Stephan Palmié, Professor of Anthroplogy
University of Chicago

We are pleased and excited to announce this interdisciplinary conference. The study of identity, whether from a sociological, ethnographic, anthropological or historical perspective, has been a widely debated topic. As real or imagined social constructs, identities are continuously contested. Involved in a relentless process of becoming, they negotiate between an array of connections—local, regional, national, global, and they cross racial, ethnic and gender lines. Hence, identities must not be construed as rigid phenomena but rather as being continuously reconstructed, revisioned and reinterpreted in a variety of ways. They are fluid and dynamic, and can fuse or coexist in multiple forms. As they move through a cultural matrix of meanings, they can mediate between the familiar and the strange, between the local and the global, between assimilation and differentiation, to assume new or modify old forms.

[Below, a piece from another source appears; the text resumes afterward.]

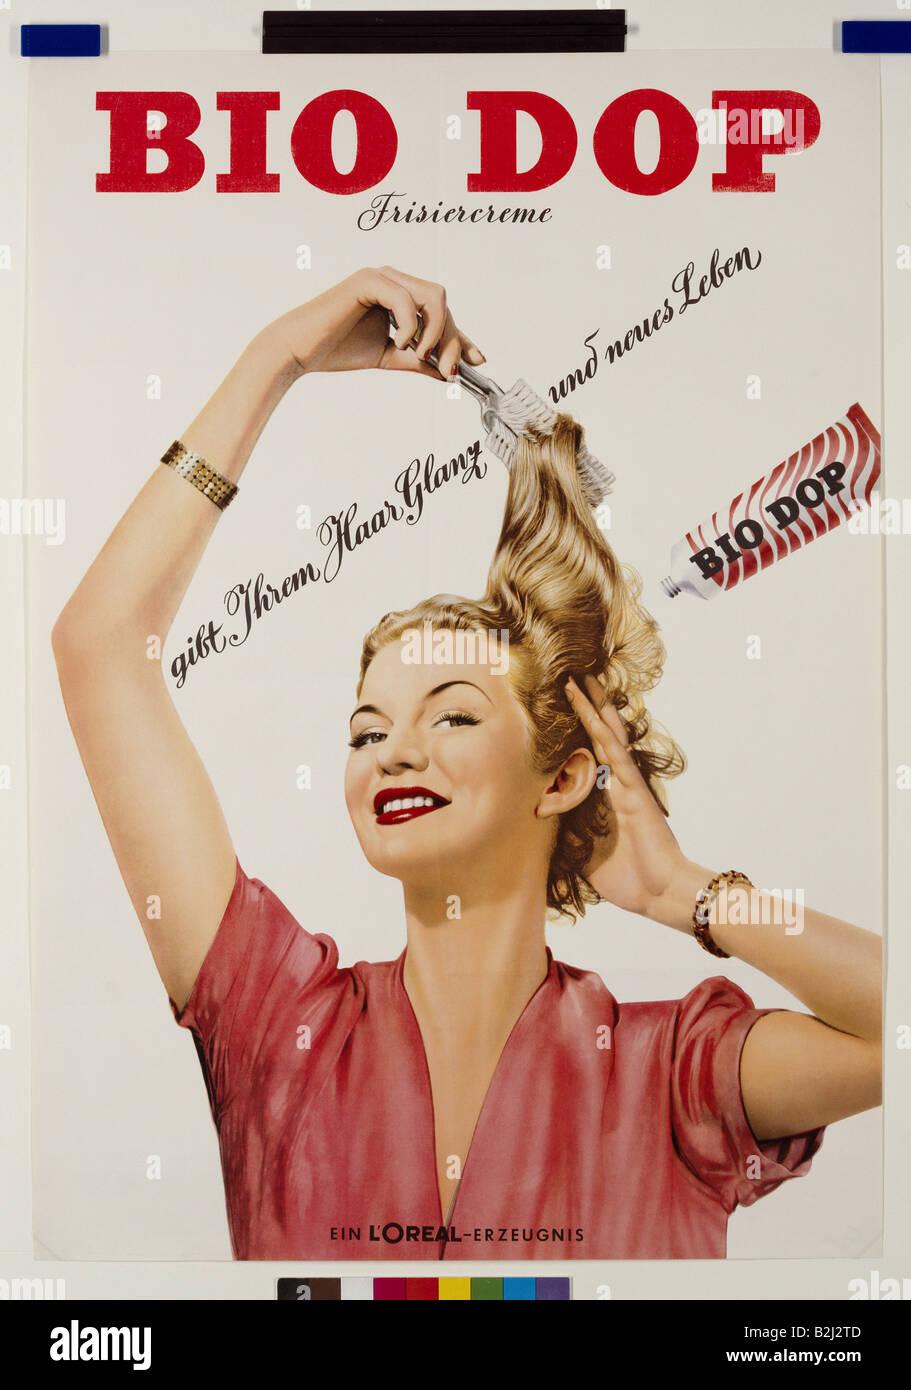 la publicit les produits cosm tiques soins des cheveux l 39 oreal 39 bio 39 frisiercreme tdc. Black Bedroom Furniture Sets. Home Design Ideas

Contemporary approaches that explore this process of cultural production have revealed the multiplicity of identities and selves that can exist in a single space or context. Colonies and diasporas, borderlands and pluralistic societies—all offer insightful venues for the study of hybridity. In the contemporary era of migrations, cultural intermixture is quickly becoming an even more notable reality. But history abounds with examples of pluralistic societies where dual or partial identities flourished. Habsburg Empire, Transylvania or the Mexican-American borderlands, the Jewish or Iranian Diasporas in New York City, and the Canadian-Korean or American-African women can reveal much about the discourse of hybrid identities. The aim of the conference is to bring together scholars from across disciplines with a common interest in hybridity to stimulate discussion about how identity is constructed and reconstructed.